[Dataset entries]
○ ○ ○

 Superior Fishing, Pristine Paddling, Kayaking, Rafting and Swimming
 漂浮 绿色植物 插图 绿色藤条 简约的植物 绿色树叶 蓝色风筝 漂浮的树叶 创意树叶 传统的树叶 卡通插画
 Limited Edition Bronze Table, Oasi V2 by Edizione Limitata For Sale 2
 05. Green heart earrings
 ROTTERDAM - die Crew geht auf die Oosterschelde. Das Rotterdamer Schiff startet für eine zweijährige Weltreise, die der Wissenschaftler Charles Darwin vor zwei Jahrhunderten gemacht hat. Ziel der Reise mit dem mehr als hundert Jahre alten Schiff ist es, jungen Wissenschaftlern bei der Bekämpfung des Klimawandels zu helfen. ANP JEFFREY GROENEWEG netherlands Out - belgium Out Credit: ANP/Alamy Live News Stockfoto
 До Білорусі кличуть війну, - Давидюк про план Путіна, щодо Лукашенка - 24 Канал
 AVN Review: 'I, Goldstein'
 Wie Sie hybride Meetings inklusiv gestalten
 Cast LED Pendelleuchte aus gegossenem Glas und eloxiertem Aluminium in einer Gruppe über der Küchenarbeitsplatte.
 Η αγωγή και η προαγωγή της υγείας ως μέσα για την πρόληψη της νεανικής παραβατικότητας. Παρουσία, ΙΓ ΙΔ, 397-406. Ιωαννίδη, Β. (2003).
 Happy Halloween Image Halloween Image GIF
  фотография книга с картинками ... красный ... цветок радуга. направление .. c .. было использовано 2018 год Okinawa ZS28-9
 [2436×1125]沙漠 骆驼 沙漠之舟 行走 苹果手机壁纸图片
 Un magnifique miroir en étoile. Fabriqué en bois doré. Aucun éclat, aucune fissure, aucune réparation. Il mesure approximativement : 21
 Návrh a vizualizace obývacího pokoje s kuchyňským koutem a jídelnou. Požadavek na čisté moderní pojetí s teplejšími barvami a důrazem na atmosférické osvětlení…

○ ○ ○

[Exercise details] Each record must be returned exactly as it is written.

[Expected output]
 Superior Fishing, Pristine Paddling, Kayaking, Rafting and Swimming
 漂浮 绿色植物 插图 绿色藤条 简约的植物 绿色树叶 蓝色风筝 漂浮的树叶 创意树叶 传统的树叶 卡通插画
 Limited Edition Bronze Table, Oasi V2 by Edizione Limitata For Sale 2
 05. Green heart earrings
 ROTTERDAM - die Crew geht auf die Oosterschelde. Das Rotterdamer Schiff startet für eine zweijährige Weltreise, die der Wissenschaftler Charles Darwin vor zwei Jahrhunderten gemacht hat. Ziel der Reise mit dem mehr als hundert Jahre alten Schiff ist es, jungen Wissenschaftlern bei der Bekämpfung des Klimawandels zu helfen. ANP JEFFREY GROENEWEG netherlands Out - belgium Out Credit: ANP/Alamy Live News Stockfoto
 До Білорусі кличуть війну, - Давидюк про план Путіна, щодо Лукашенка - 24 Канал
 AVN Review: 'I, Goldstein'
 Wie Sie hybride Meetings inklusiv gestalten
 Cast LED Pendelleuchte aus gegossenem Glas und eloxiertem Aluminium in einer Gruppe über der Küchenarbeitsplatte.
 Η αγωγή και η προαγωγή της υγείας ως μέσα για την πρόληψη της νεανικής παραβατικότητας. Παρουσία, ΙΓ ΙΔ, 397-406. Ιωαννίδη, Β. (2003).
 Happy Halloween Image Halloween Image GIF
  фотография книга с картинками ... красный ... цветок радуга. направление .. c .. было использовано 2018 год Okinawa ZS28-9
 [2436×1125]沙漠 骆驼 沙漠之舟 行走 苹果手机壁纸图片
 Un magnifique miroir en étoile. Fabriqué en bois doré. Aucun éclat, aucune fissure, aucune réparation. Il mesure approximativement : 21
 Návrh a vizualizace obývacího pokoje s kuchyňským koutem a jídelnou. Požadavek na čisté moderní pojetí s teplejšími barvami a důrazem na atmosférické osvětlení…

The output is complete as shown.